To me, I think it was an issue. But when I complained about this issue with the guy who's been in charge, he responded to me that the setup of not letting student uncheck their answers, on average, will not disadvantage students. He also said that statistically, choosing not to answer or choosing to give random answers would make no difference as the average total score would still be zero.

I found it not correct. I think the situation he explained to me only correct when the number of questions students randomly choose is a big number. In that case, choosing randomly answers or leaving the answers blank will be as he claimed. But in the real exam, students often had a small number of questions they were not sure about, like 5 or 6 questions, and randomly choosing with 1/3 mark penalty for the wrong answer would put students in the disadvantage than otherwise.

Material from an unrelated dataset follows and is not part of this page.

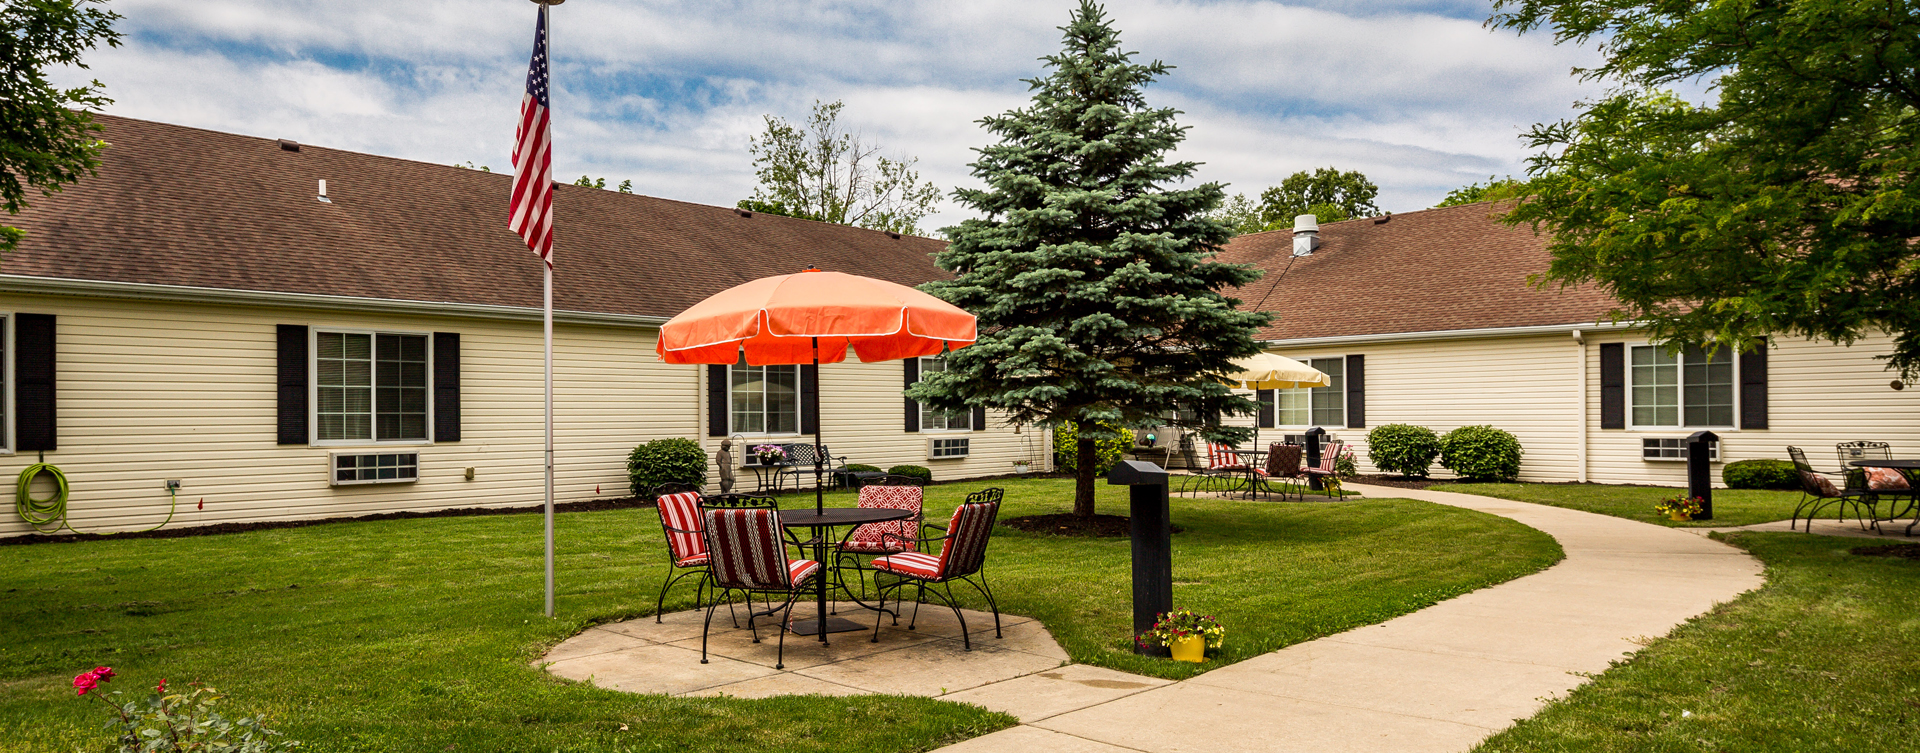 Enjoy bird watching, gardening and barbecuing in our courtyard at Bickford of Battle Creek

• If you want to 'untick' only when--presumably after some informed reflection--you fear you marked the wrong answer, then it clearly makes a difference. (But then could you change to a 'better' answer?) The score averages 0 when a robot picks an answer or no answer at random – BruceET Jun 4 '20 at 21:57

To think about it another way - consider a game where we roll a 4-sided die, and I pay you \$10 on a 4, but you pay me \$3.33 on a 1-3. The scoring system on the test assumes that you should be indifferent to whether you play this game or not, but depending on your risk-taking aversion, you may just prefer to not play and just stick with your \$0. The variance of the outcome is higher if you choose to play one round (you'll either wind up with \$10 or -\$3.33), but the expected value of the outcome is identical (\$0).